Eu não sou essa pessoa. Eu sou a outra pessoa. Eu sou aquilo a que lá fora chamam o sonho americano. Eu vim à procura, eu fiz-me a mim próprio. Eu fui esgravatando as minhas oportunidades, foram-me aparecendo pessoas. Eu digo sempre à minha filha: "Leonor, não é o curso superior que te vai dar. Tens de ter vontade de". Ela quer ser historiadora e escritora. Eu digo sempre "a faculdade ajuda, os estudos ajudam, mas tens de querer, porque não te cai do céu, ninguém te vai buscar a casa". O que acho que acontece com os miúdos é que eles podem ver "se ele fez, eu também faço". Eles têm é de ter noção de que, para fazer isto, eu tinha de abdicar de uma data de coisas. Muitas coisas, que eu só vou recuperar quando, aos 50, abrandar o meu ritmo de trabalho. Vou recuperar amigos, coisas que perdi, vou voltar à horta. Coisas que eu não pude fazer neste tempo porque estive muito focado em chegar aqui. Eu acho que eles têm de ter essa noção de sacrifício.

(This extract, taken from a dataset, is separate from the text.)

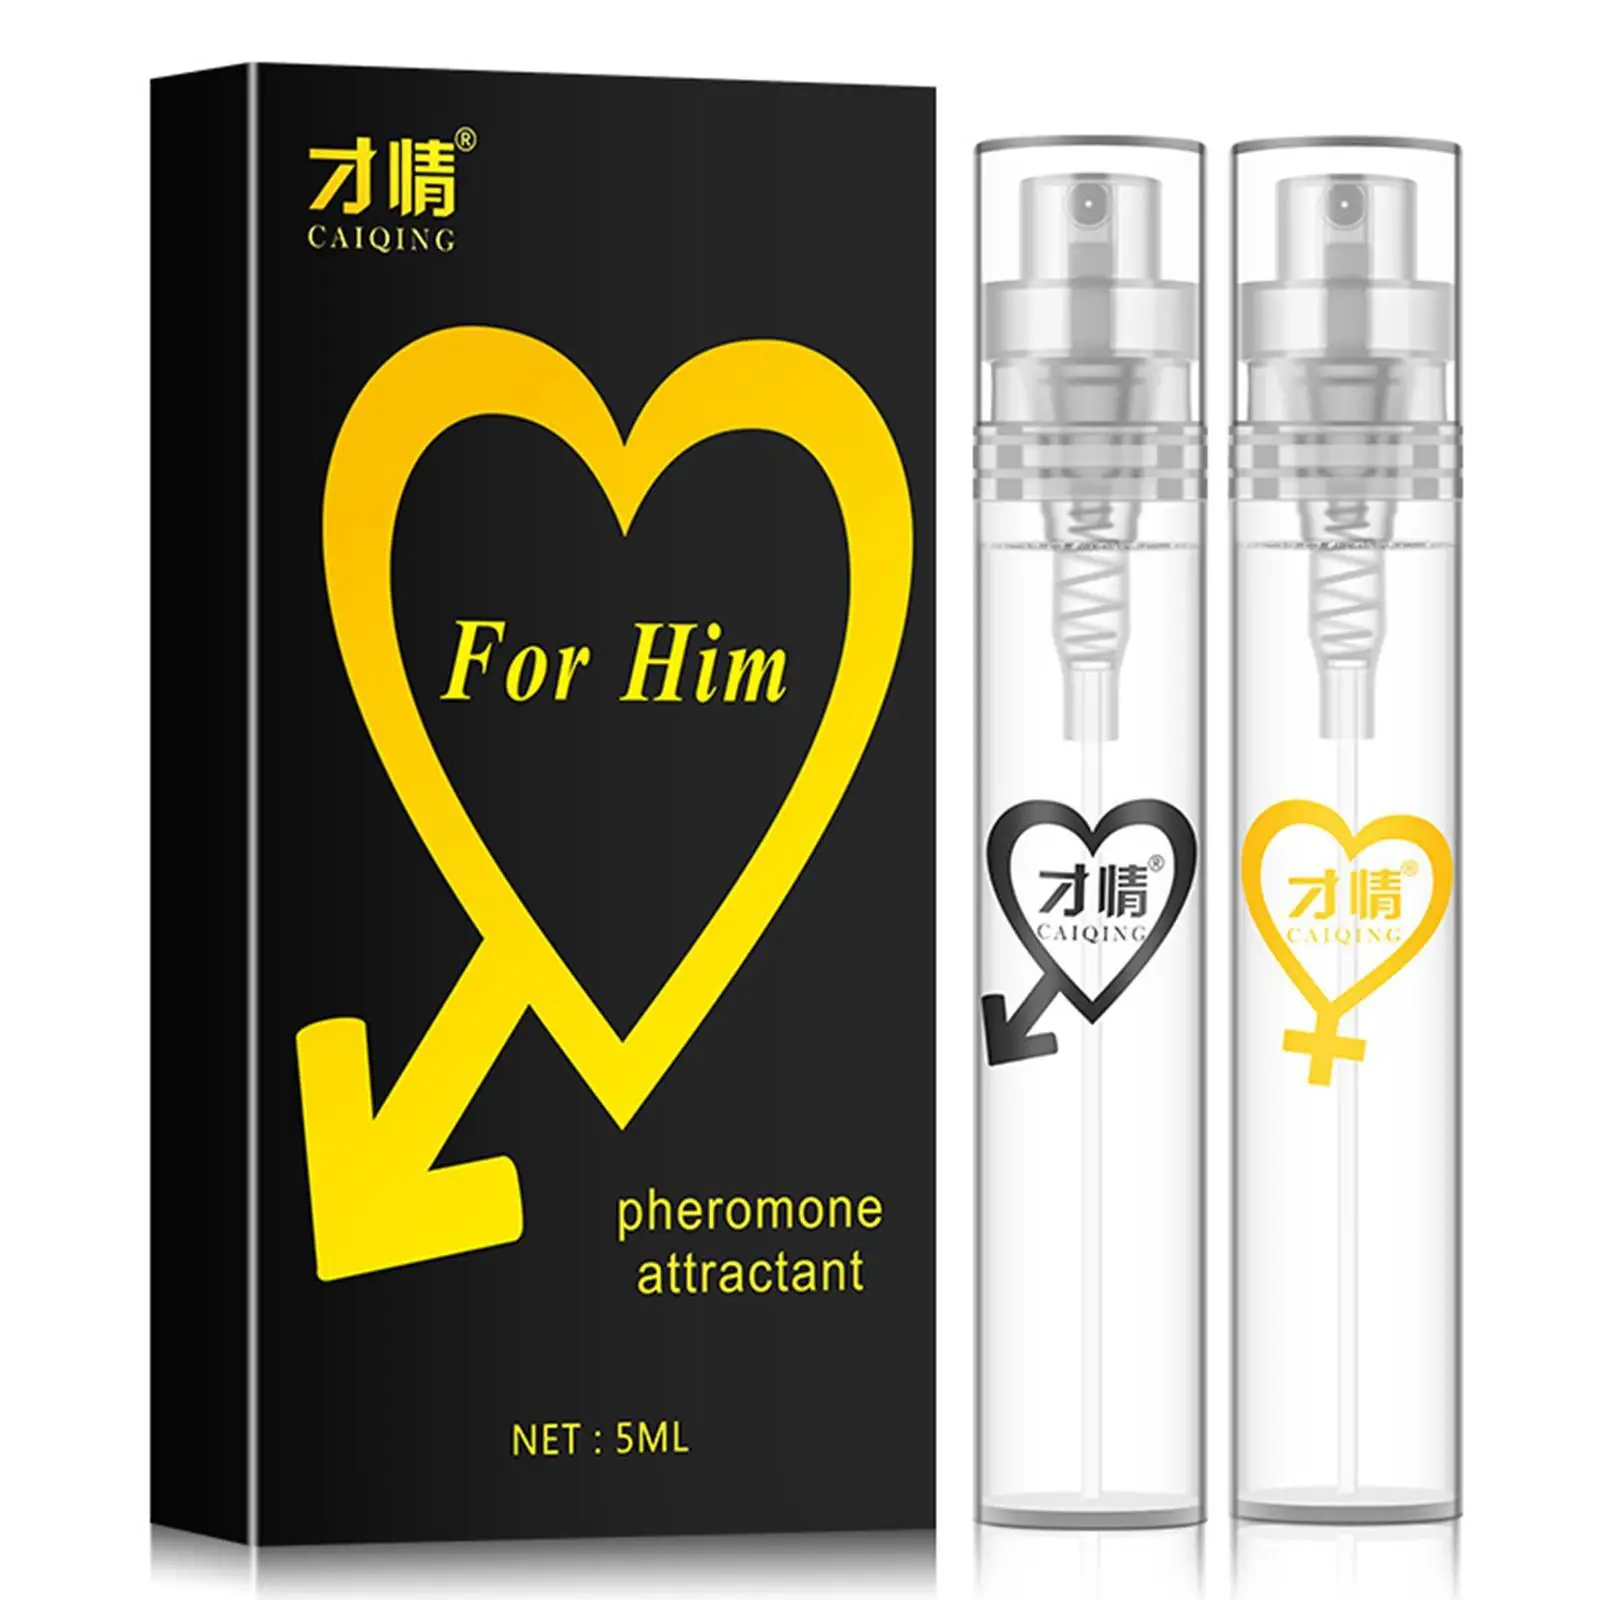 בושם פרומון עבור נשים גברים Parfum זוג מפלרטט Attractant סקסי בשמים לאורך זמן ניחוח הגוף ריח ספריי Dropship - 0

"Eu gosto de cultivar um lado que as pessoas não conhecem, e cultivo o estar sozinho porque acho que me faz falta."

Foi um caminho solitário?
Foi. Muito solitário. Porque as pessoas não entendem. Porque os teus amigos, quando dizes que conseguiste isto e isto, para eles é peanuts, porque muito não são desta área, então não têm noção do que é ou uma entrevista, ou um casting ou ser chamado para uma figuração. Não valorizam. E depois, a partir do momento em que entras, é para eles um dado adquirido e tu chegas à conclusão que este meio é muito bonito mas os amigos são muito difíceis de fazer e é muito complicado tu conversares com as pessoas. Por um lado ainda bem, que é para não trazeres mais para dentro de casa do que as coisas que tens. Mas um caminho feito assim é um caminho solitário.

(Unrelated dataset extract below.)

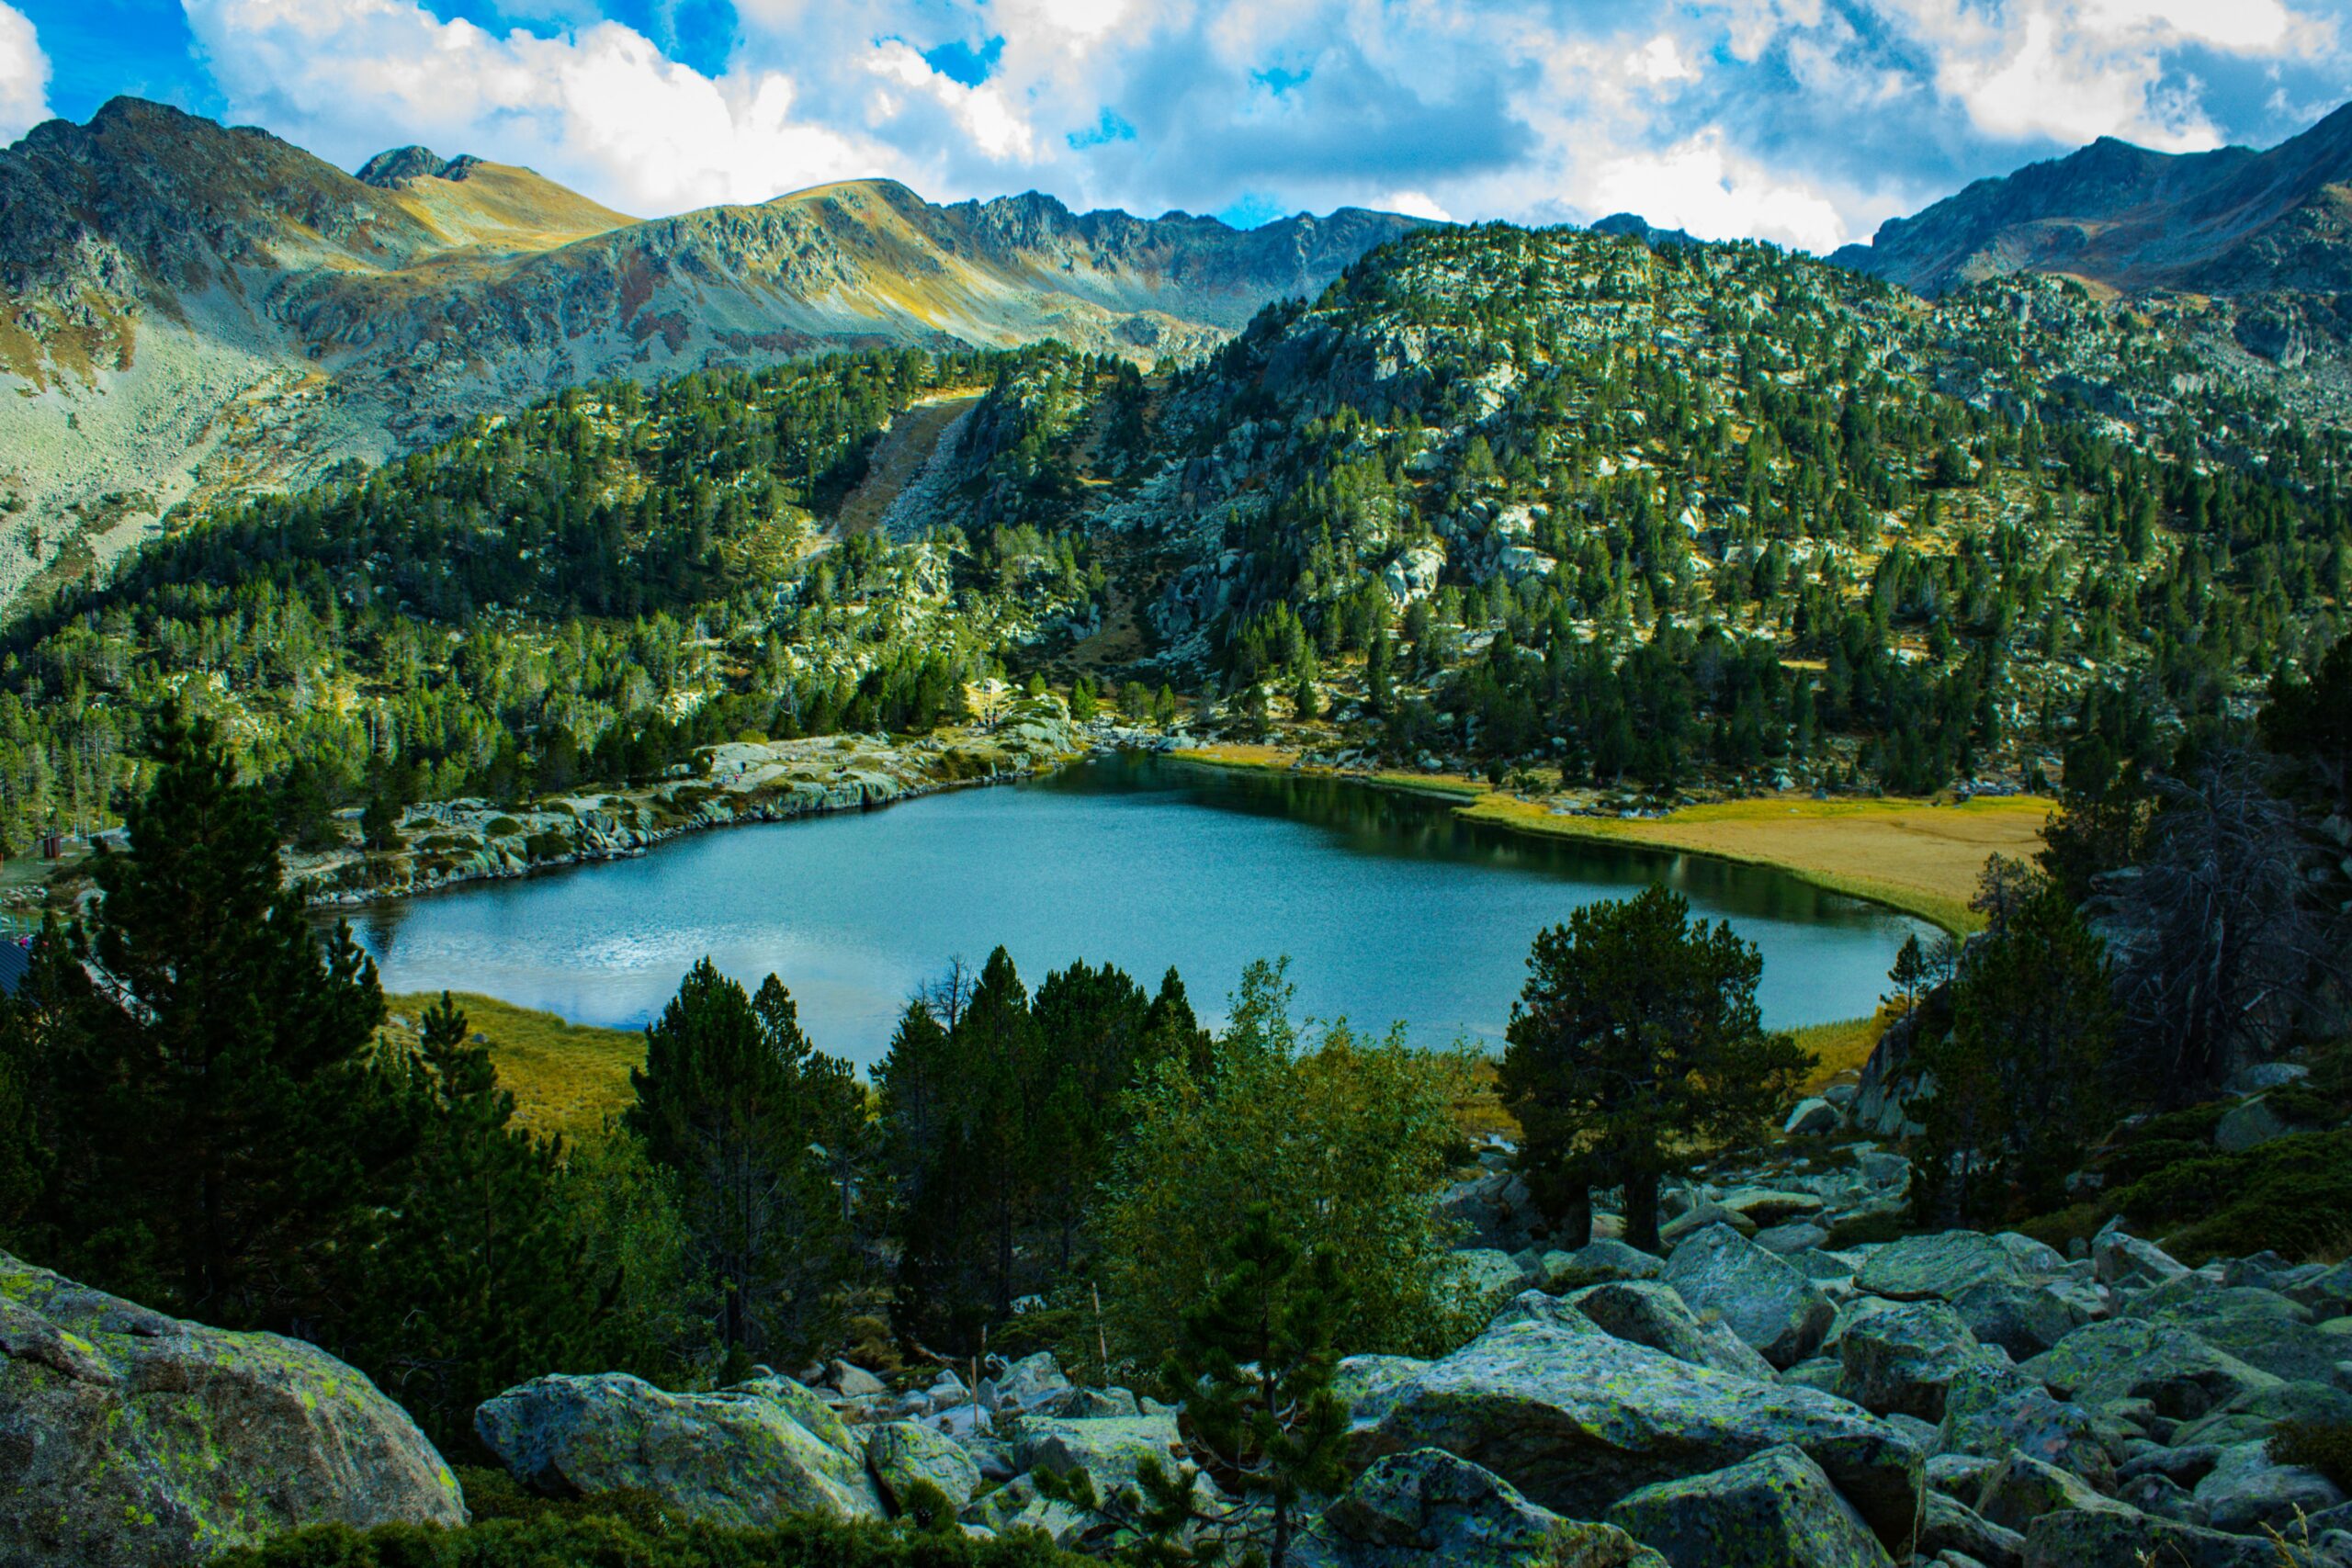 Vista do lago Estanys de Tristaina, Andorra com aguas claras envolta de floresta. Representa o seguro viagem para Andorra.

Sente-se acompanhado agora, no sentido em que, apesar de ter feito esse caminho sozinho, tem uma boa rede de apoio à sua volta?
Eu serei sempre uma pessoa sozinha porque eu tenho esta enorme necessidade de perceber que subo a escada de casa e é como se fosse o Super Homem. Transformo-me noutra pessoa. Numa pessoa que quer que os amigos estejam cá em casa, falem de outra coisa, que venham e façam outra coisa qualquer, ver séries que não tenham nada a ver com isto. Gosto de ir ao cinema sozinho.

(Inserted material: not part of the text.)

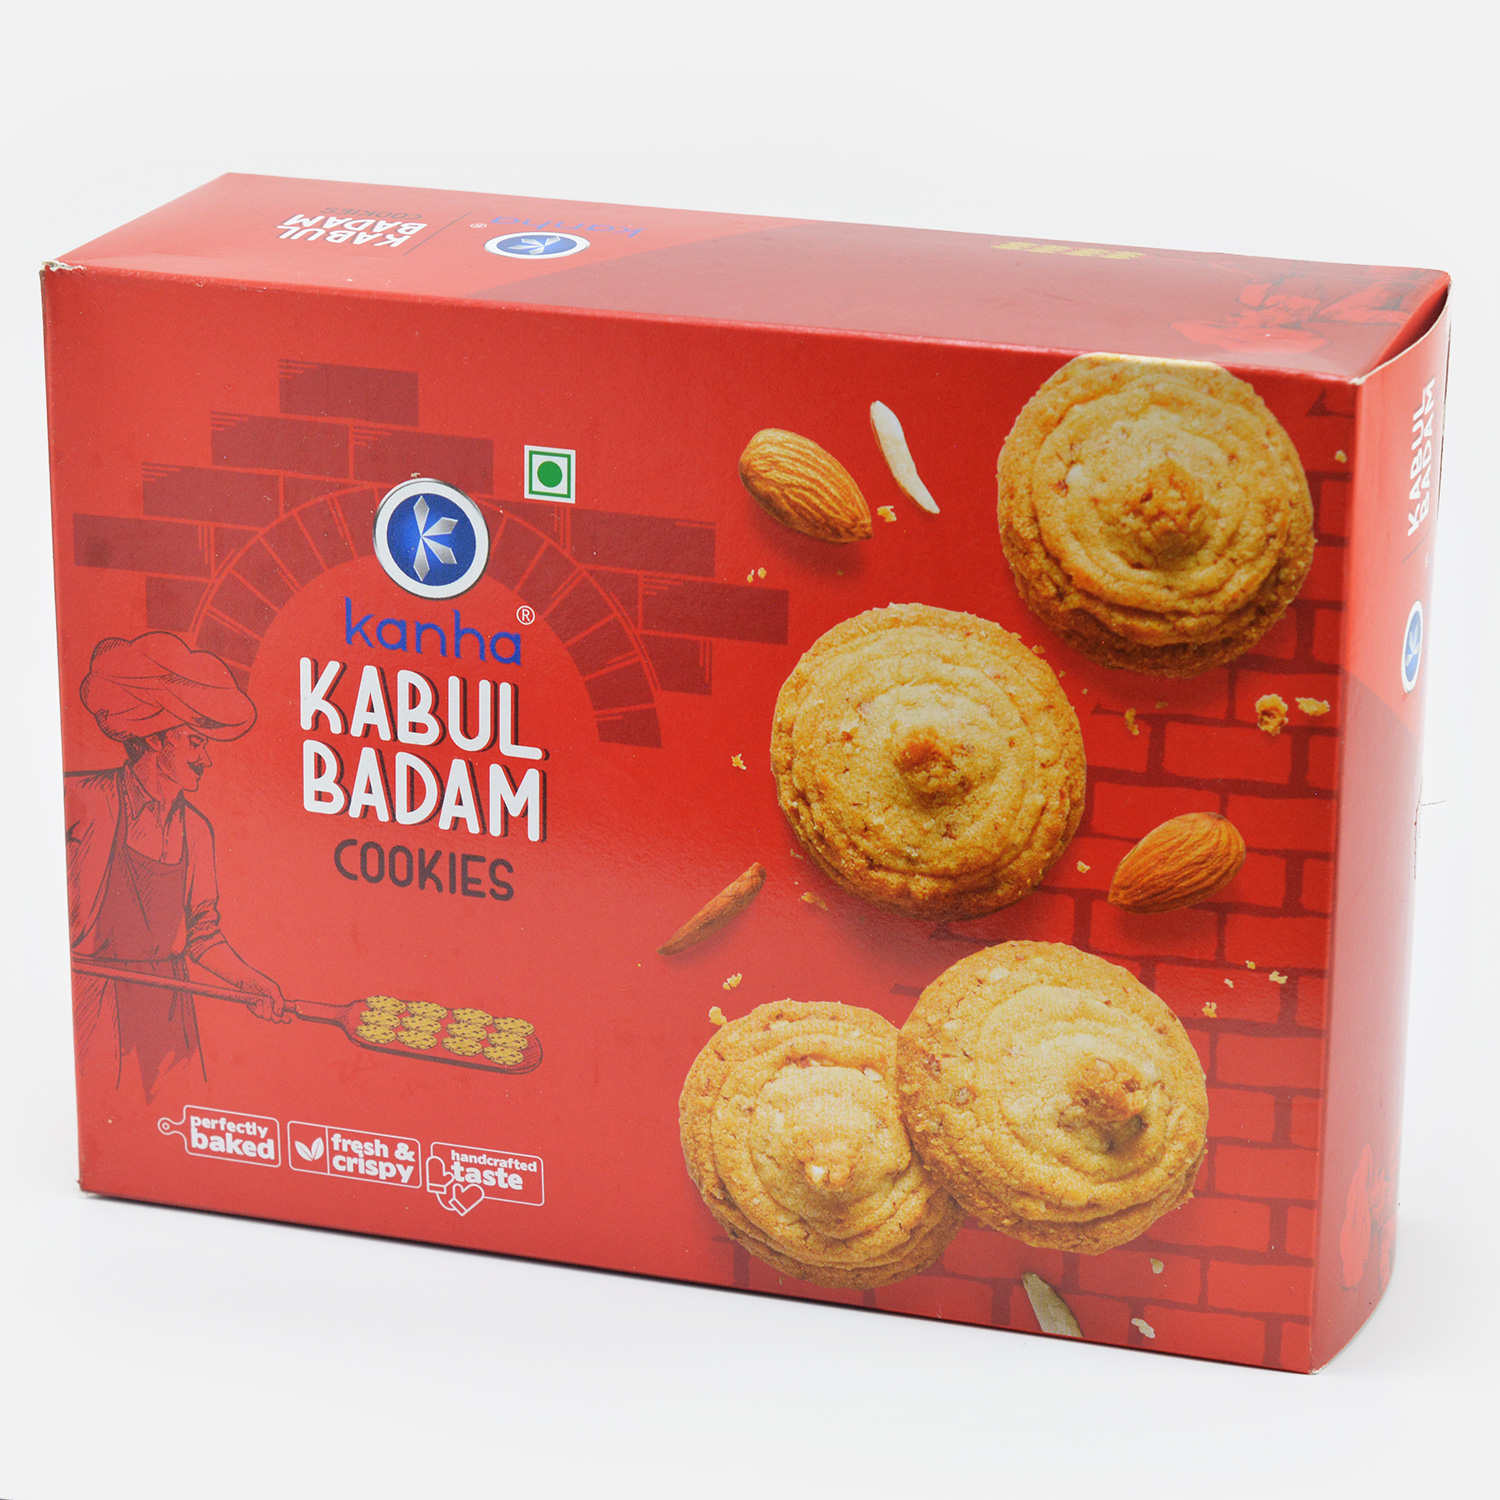 Kanha Brand Kabul Badam Special Cookies

Eu gosto de cultivar um lado que as pessoas não conhecem, e eu cultivo o estar sozinho porque acho que me faz falta. Embora eu saiba que tenho a minha filha, a minha família, os amigos no Alentejo, os amigos da televisão, em quem posso confiar, mas eu cultivo para mim uma certa solidão que eu acho que nos faz falta para quando chegarmos ao fim do dia, esvaziarmos o ego.

Nós somos um balão. Sais de casa e és o Cláudio Ramos. O senhor deixa-te passar à frente, abre-te a cancela da TVI. Chegas ao bar, não pagas, vais para a televisão. Três horas o foco em cima, palmas, elogios na internet, a imprensa… se tu não chegas a casa e esvazias o balão, não te dás conta e, ao fim de duas ou três semanas, achas-te o rei. Não és o rei de nada. Podes sair do ar de um dia para o outro e acabou-se. Vais a Badajoz e ninguém sabe quem tu és. Eu preciso desse exercício para não sofrer com coisas que, depois, me possam vir a acontecer mais à frente. Se, de repente, eu ficar sem programas, ou se eu ganhar menos, como já me aconteceu, eu penso ‘ok, aquilo era apenas um privilégio de um trabalho que eu fazia”.

O ego é a coisa mais lixada neste meio. Se não o esvaziamos, trama a vida de muita gente.